======== Given entries ========

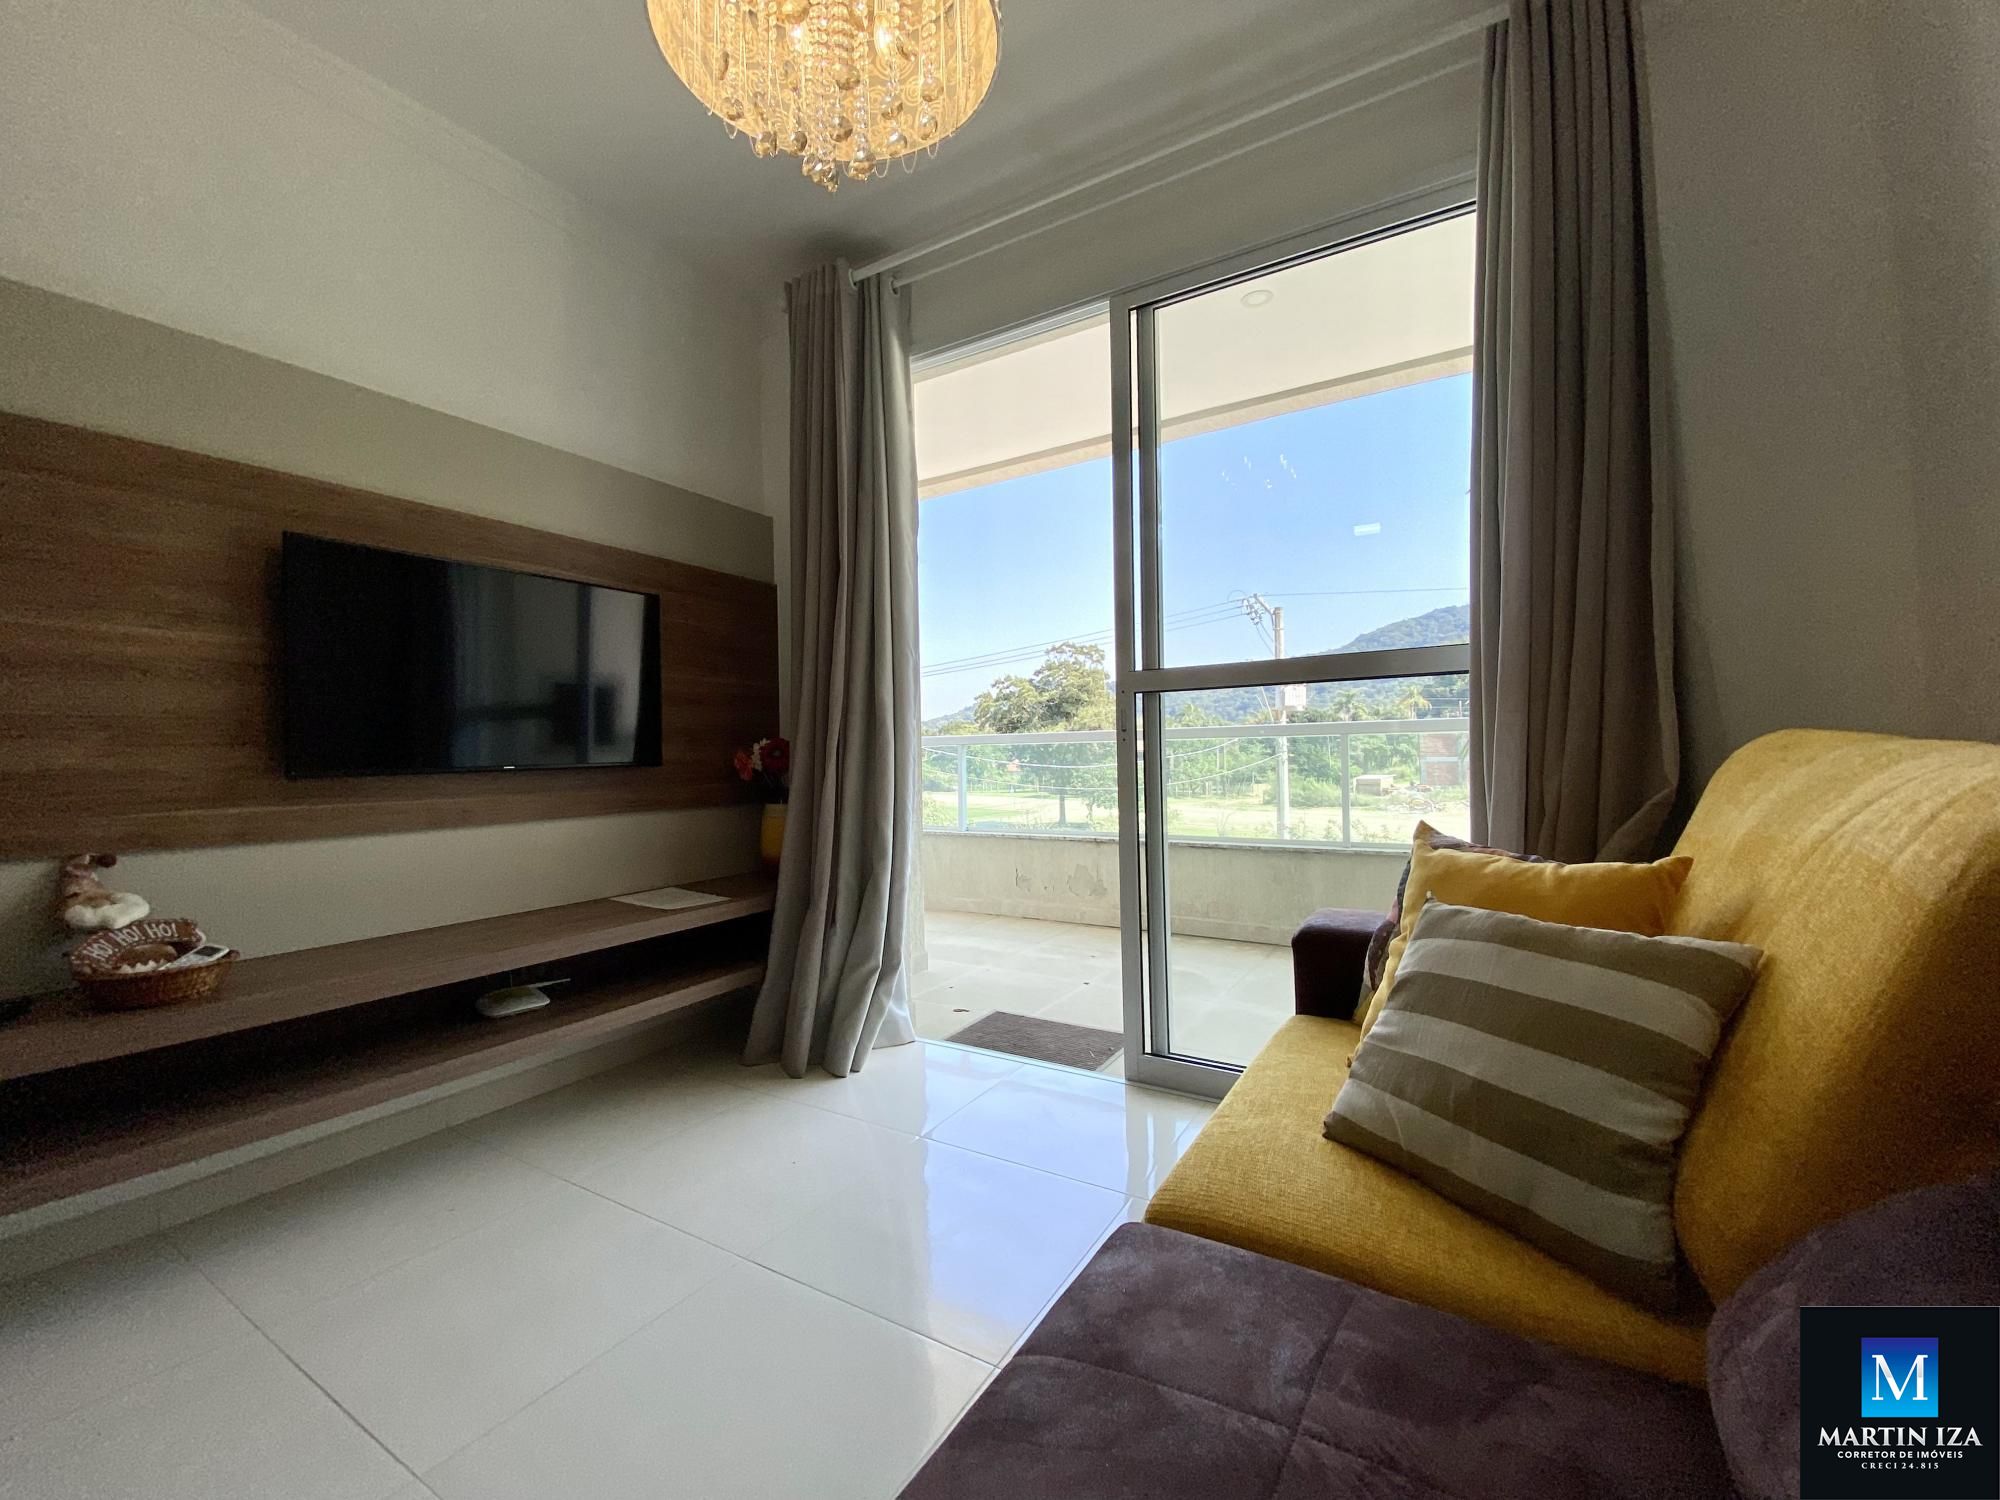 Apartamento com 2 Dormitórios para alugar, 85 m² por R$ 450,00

========
======== Given entries ========

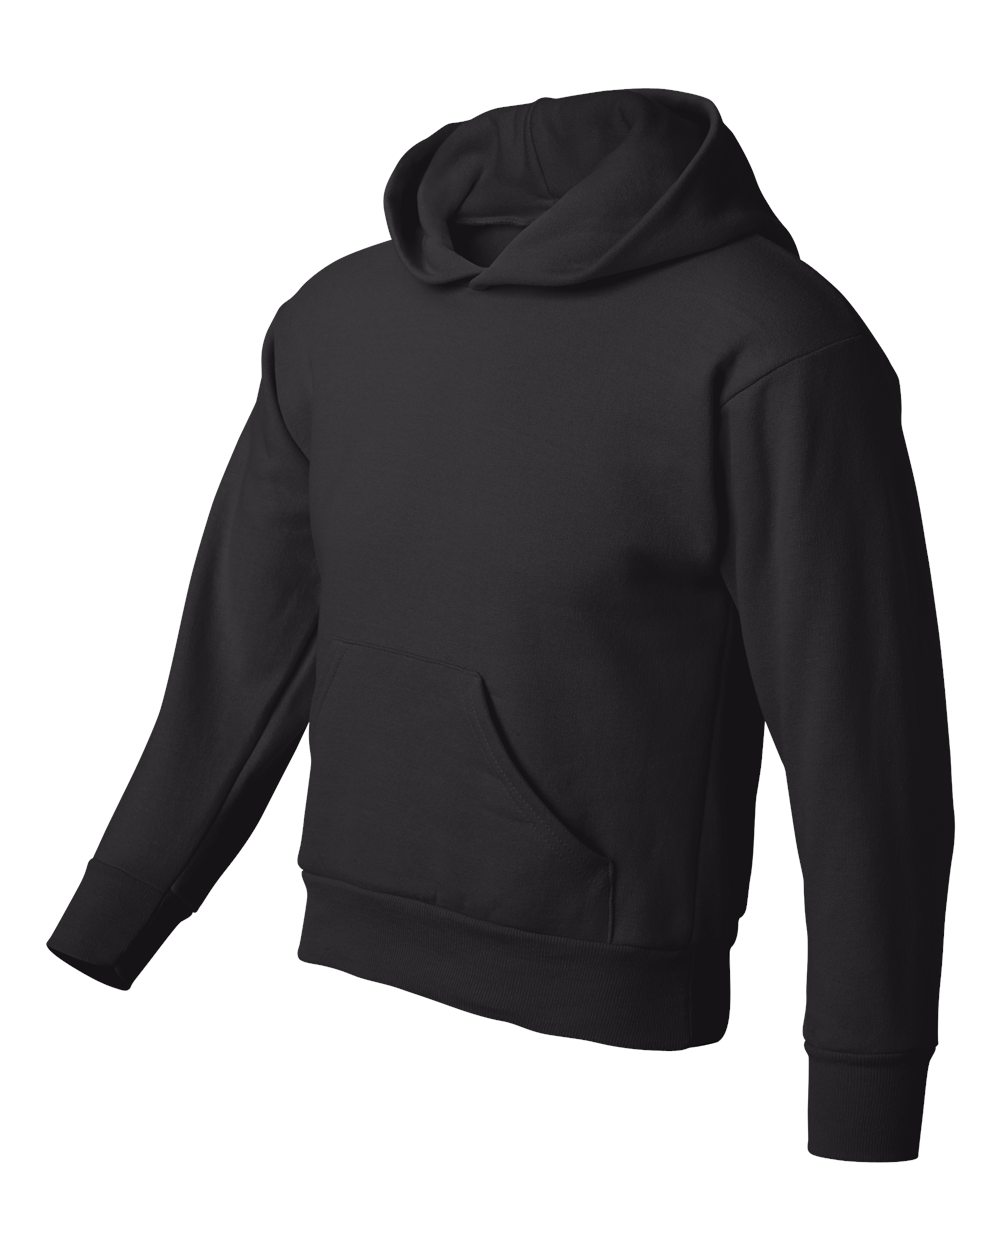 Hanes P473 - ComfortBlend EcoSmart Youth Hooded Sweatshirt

========
======== Given entries ========

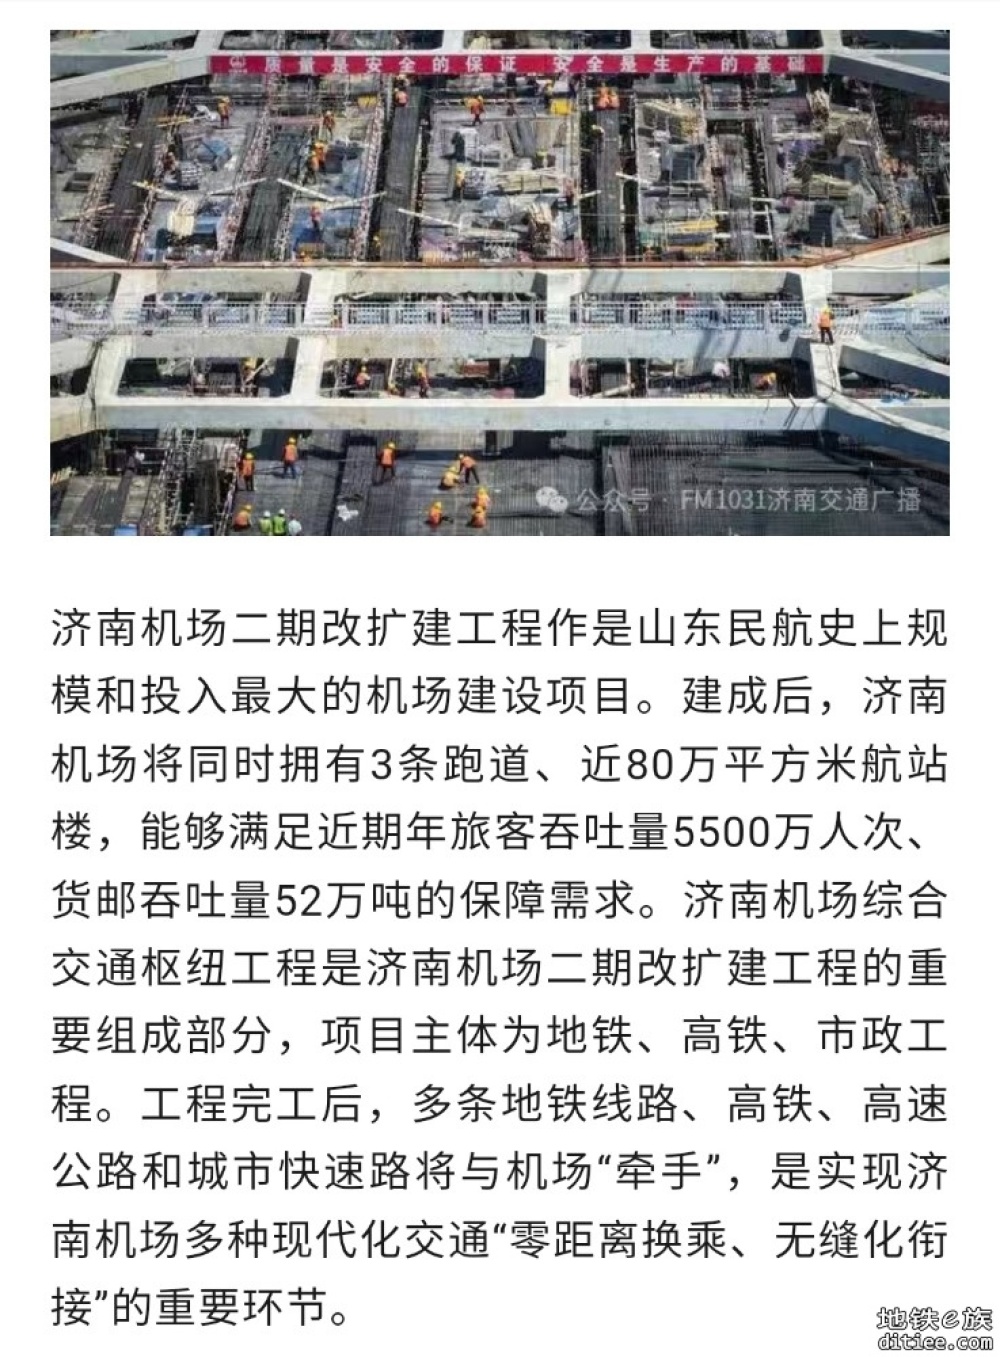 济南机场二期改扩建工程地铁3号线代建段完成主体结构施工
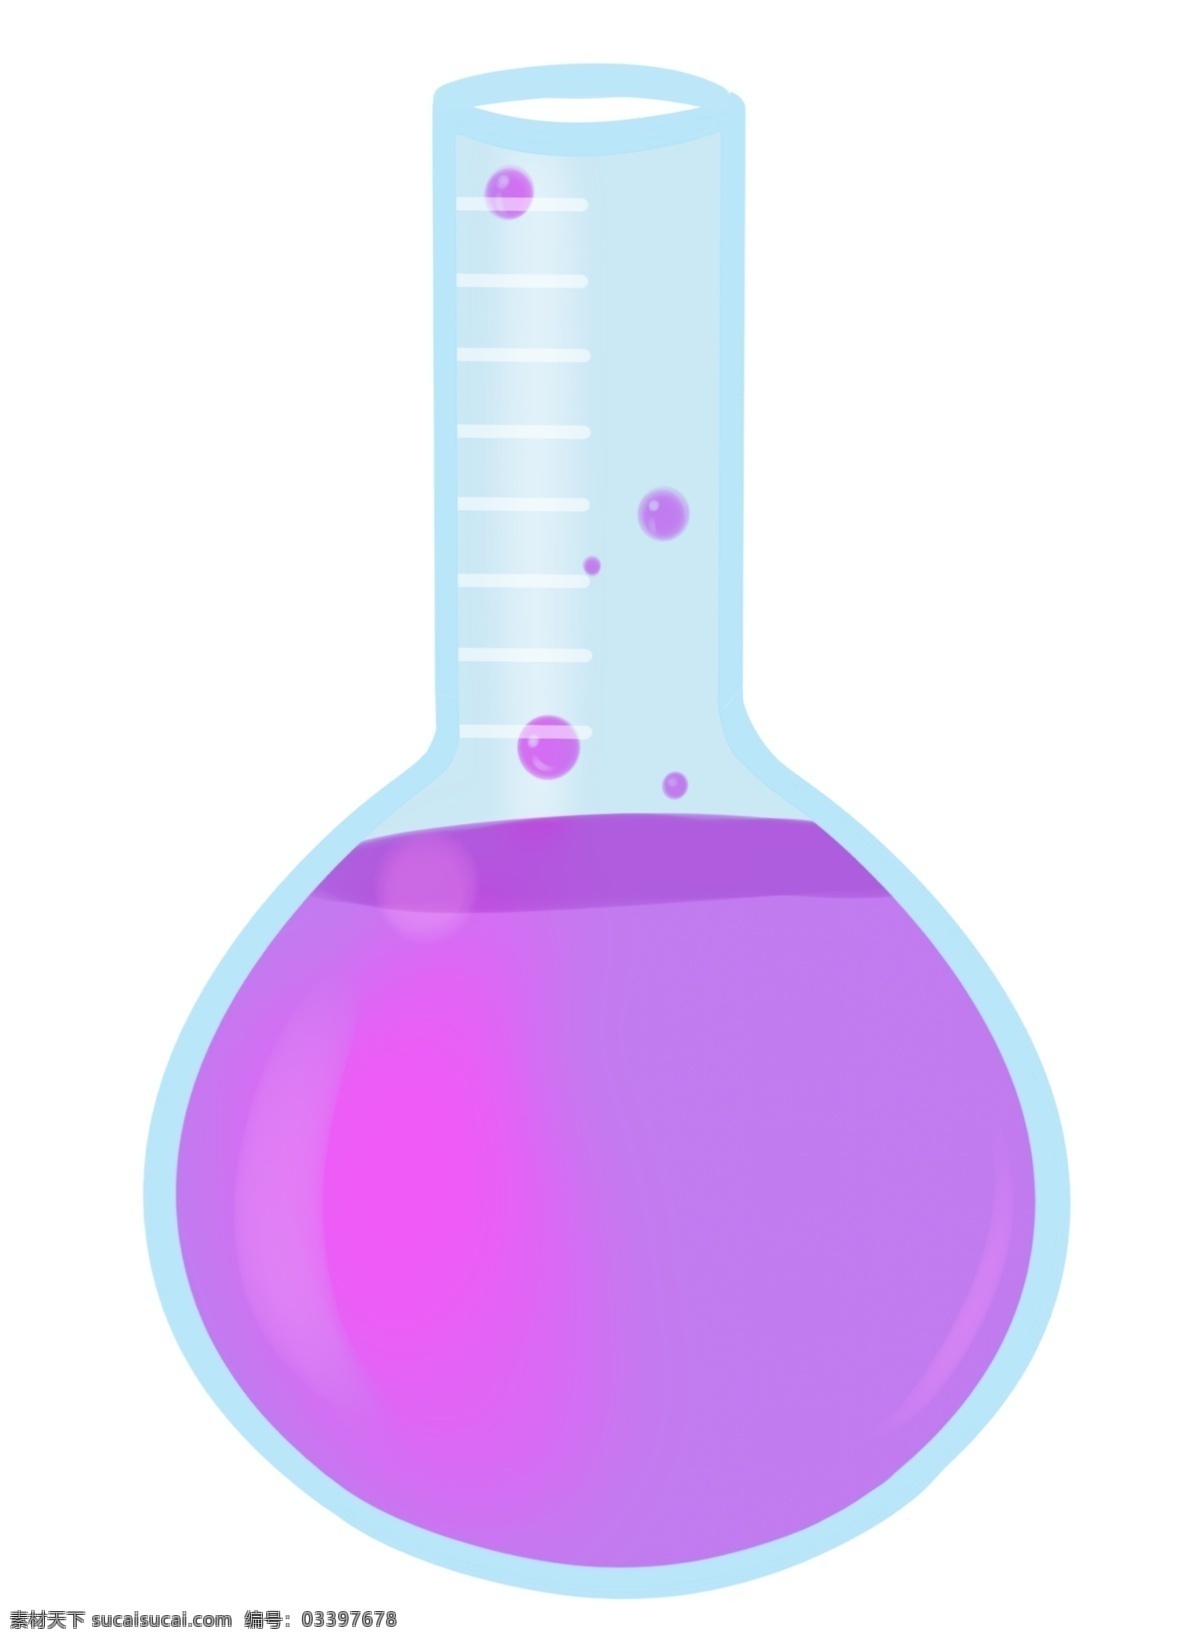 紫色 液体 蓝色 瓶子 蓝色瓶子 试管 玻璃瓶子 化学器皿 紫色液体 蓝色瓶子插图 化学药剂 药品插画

========

**Task goal:**
Go to the line above that contains "济南机场二期改扩建工程地铁3号线代建段完成主体结构施工" and reproduce everything exactly from there through the line that contains "紫色 液体 蓝色 瓶子", leaving out the pictures.

**Solution to this task:**
 济南机场二期改扩建工程地铁3号线代建段完成主体结构施工
 紫色 液体 蓝色 瓶子 蓝色瓶子 试管 玻璃瓶子 化学器皿 紫色液体 蓝色瓶子插图 化学药剂 药品插画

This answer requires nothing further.